#### DATA ####

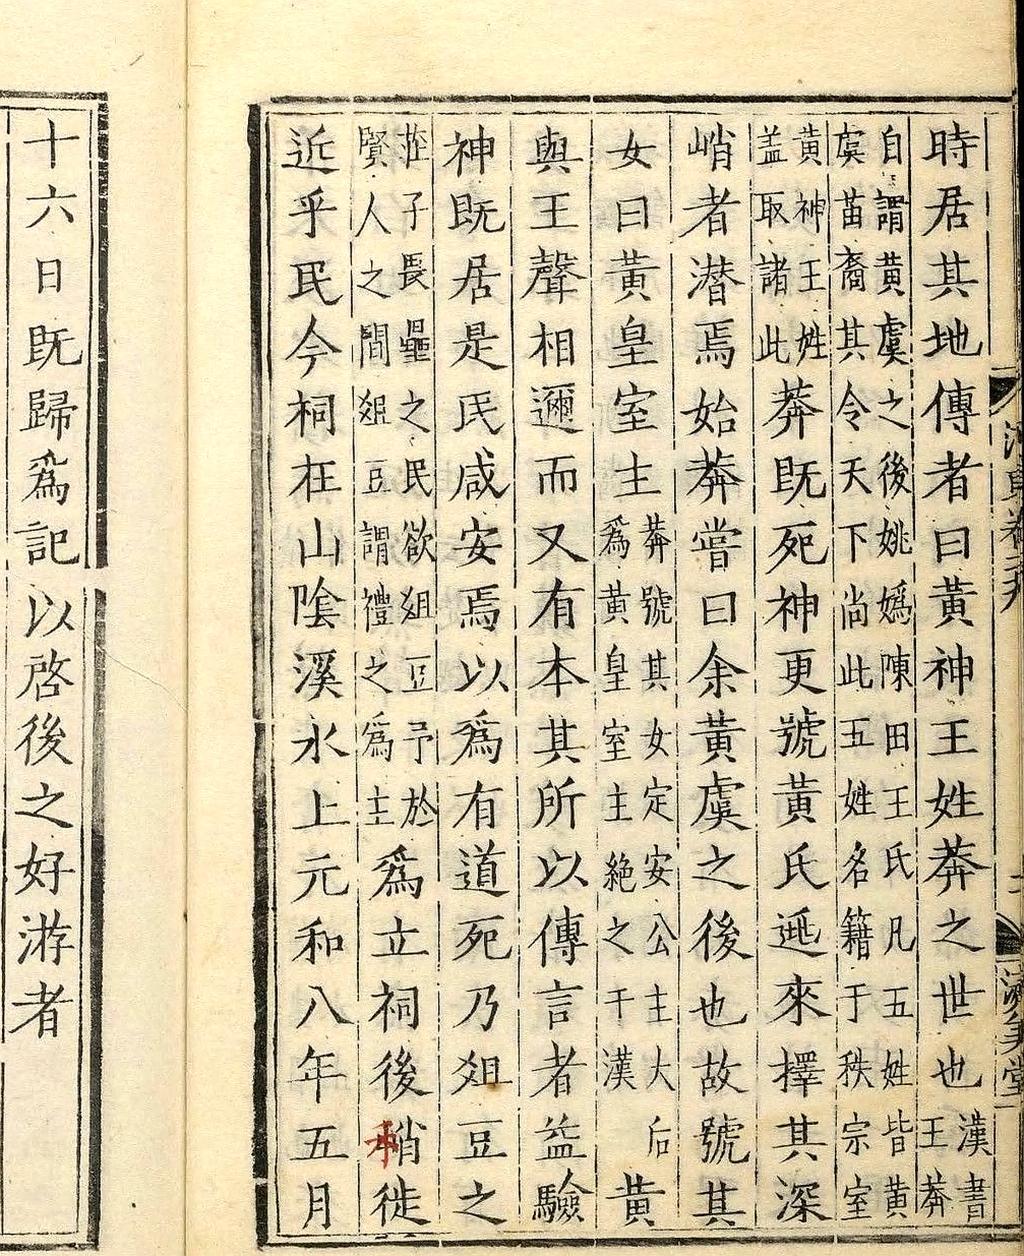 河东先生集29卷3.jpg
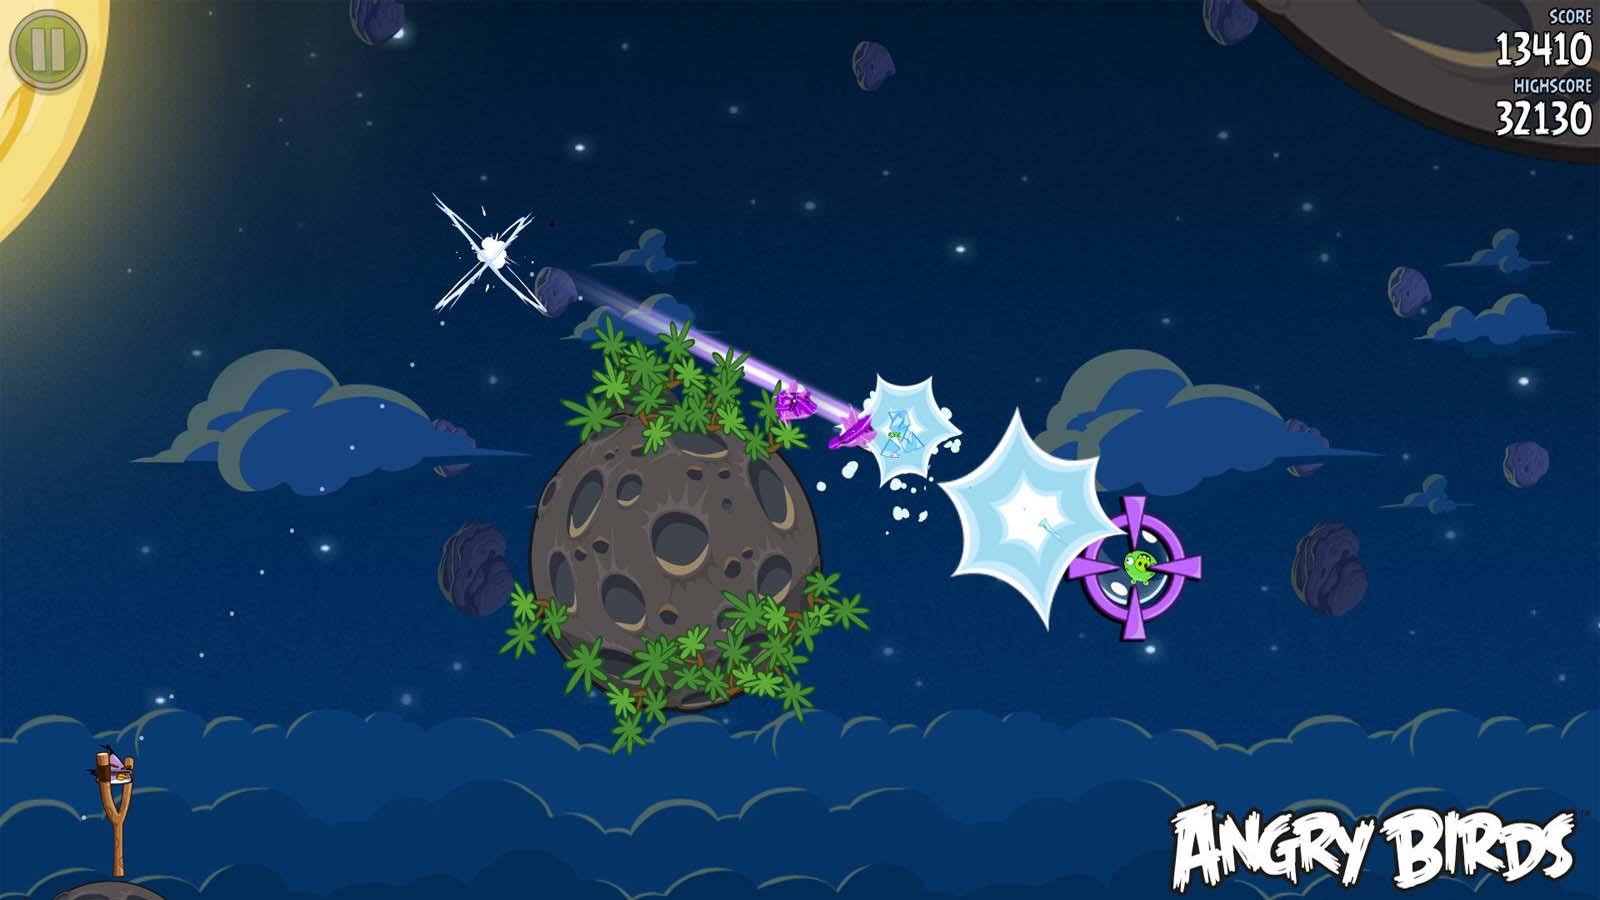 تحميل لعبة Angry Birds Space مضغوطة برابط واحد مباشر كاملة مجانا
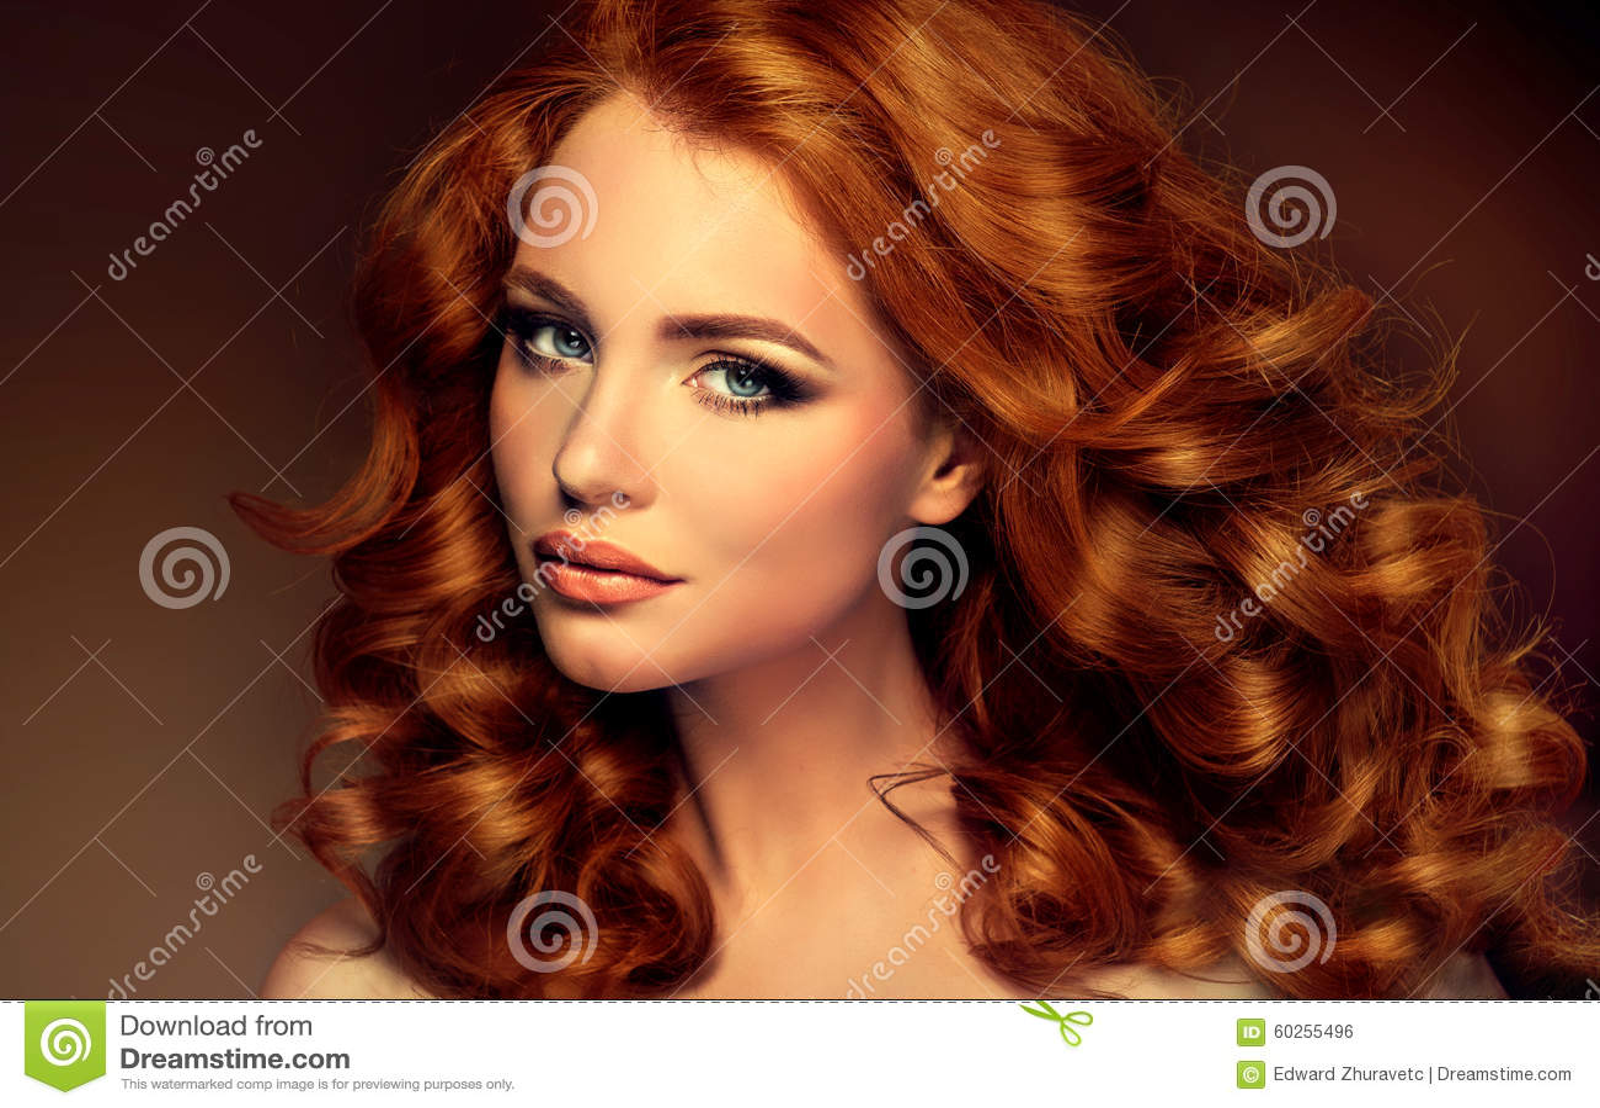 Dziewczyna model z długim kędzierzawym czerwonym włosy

####

Without the images, write out each line of the data verbatim.

= PROBLEM SOLUTION =
 河东先生集29卷3.jpg
 تحميل لعبة Angry Birds Space مضغوطة برابط واحد مباشر كاملة مجانا
 Dziewczyna model z długim kędzierzawym czerwonym włosy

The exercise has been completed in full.